Last year, the Supreme Court sided with the Biden administration and found that pro-life emergency room doctors lacked standing to challenge the FDA’s removal of crucial protections for women. That didn’t spell the end to the case, however. Three states—Missouri, Kansas, and Idaho—moved to intervene in the district court and proceeded with the litigation. To show standing, the three states argue that they have a sovereign interest in protecting women and enforcing their laws protecting life. The Biden administration’s actions allow abortion drug providers to ship drugs nationwide—leaving states powerless to protect life and enforce state law.
Louisiana, for example, has indicted an abortion drug provider who allegedly illegally mailed drugs into the state, where a teenage girl was coerced into taking the drugs, experienced a serious complication, and needed to call an ambulance to take her to the emergency room. But New York leaders refuse to extradite the drug provider, hiding behind a state shield law that precludes Louisiana from obtaining any justice for the girl. The states also suffer economic harm when women who are on Medicaid take the abortion drug, suffer complications, and end up in the emergency room or hospital. With abortion drugs flooding all 50 states by mail daily, these unwanted complications are far from a remote possibility.

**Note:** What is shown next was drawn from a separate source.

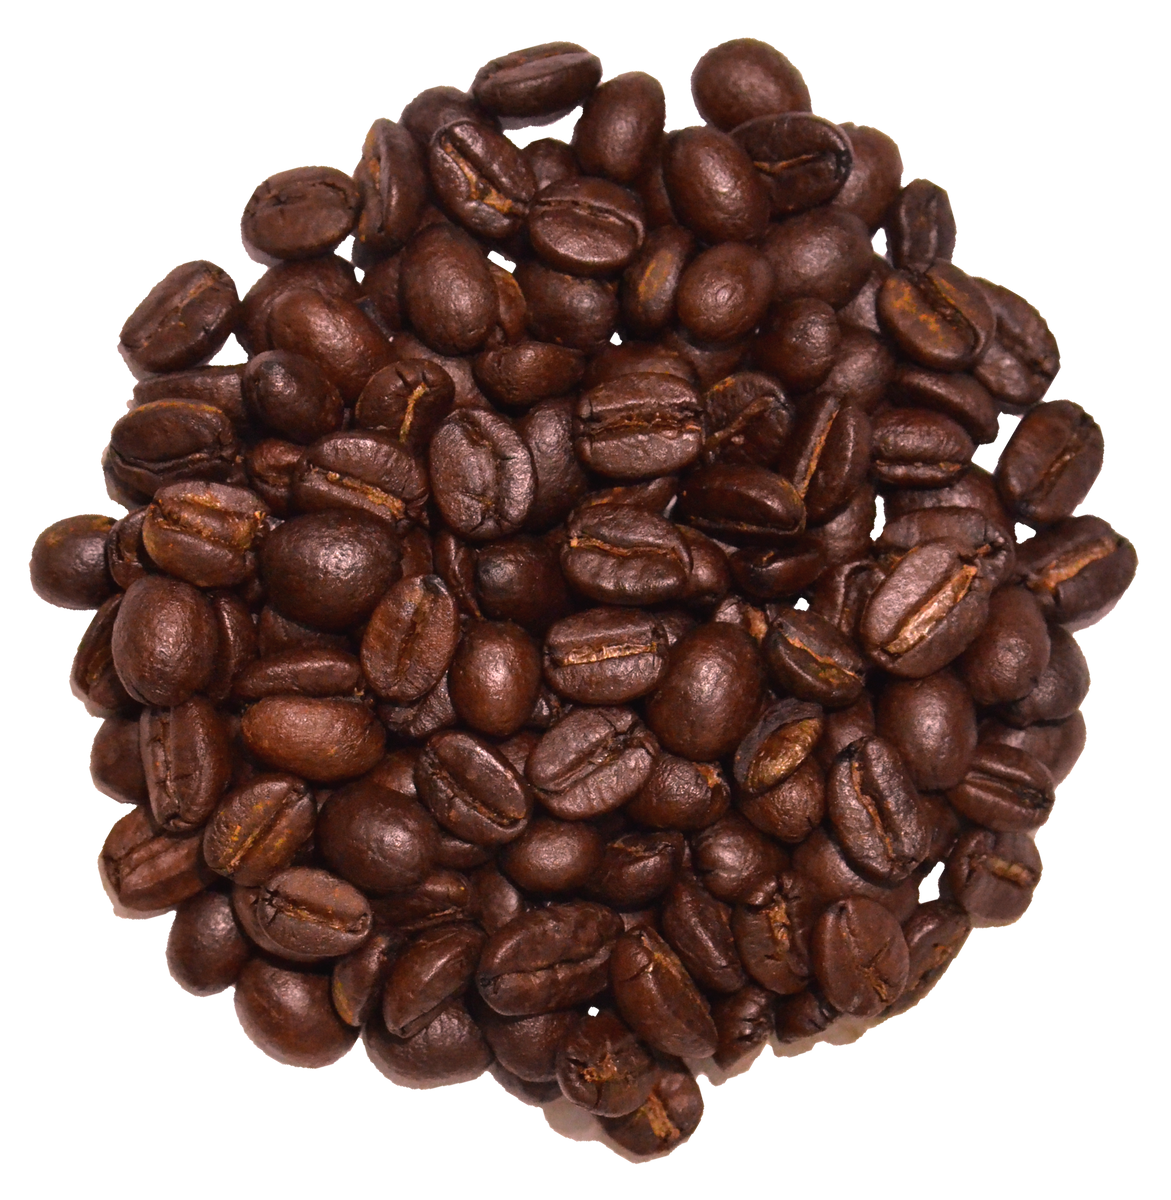 Roasted Coffee Beans Transparent Images

When it originally approved mifepristone, the FDA put a Black Box warning on the label notifying women that serious adverse events, including sepsis, infection, hemorrhaging, and death, could occur. The FDA’s label notes that roughly one in 25 women who take the abortion drug end up in the emergency room. Given that the drug is particularly high-risk, the FDA mandated certain protections for women, including in-person dispensing by a physician who could ensure emergency medical attention for complications, and limited the drug to seven weeks gestation.
Fast forward, and the Obama administration took away most of the protections for women taking the abortion drug, removed the requirement that abortion providers report complications (aside from death), and expanded the gestational age to ten weeks. Then, under the guise of COVID-19, the Biden administration removed the initial doctor visit where the drug would be dispensed in-person—–the only opportunity for women to be screened for dangerous complications like ectopic pregnancy and to accurately assess gestational age. This opened the door to mail-order abortions. Online providers have filled that void with the help of shield laws.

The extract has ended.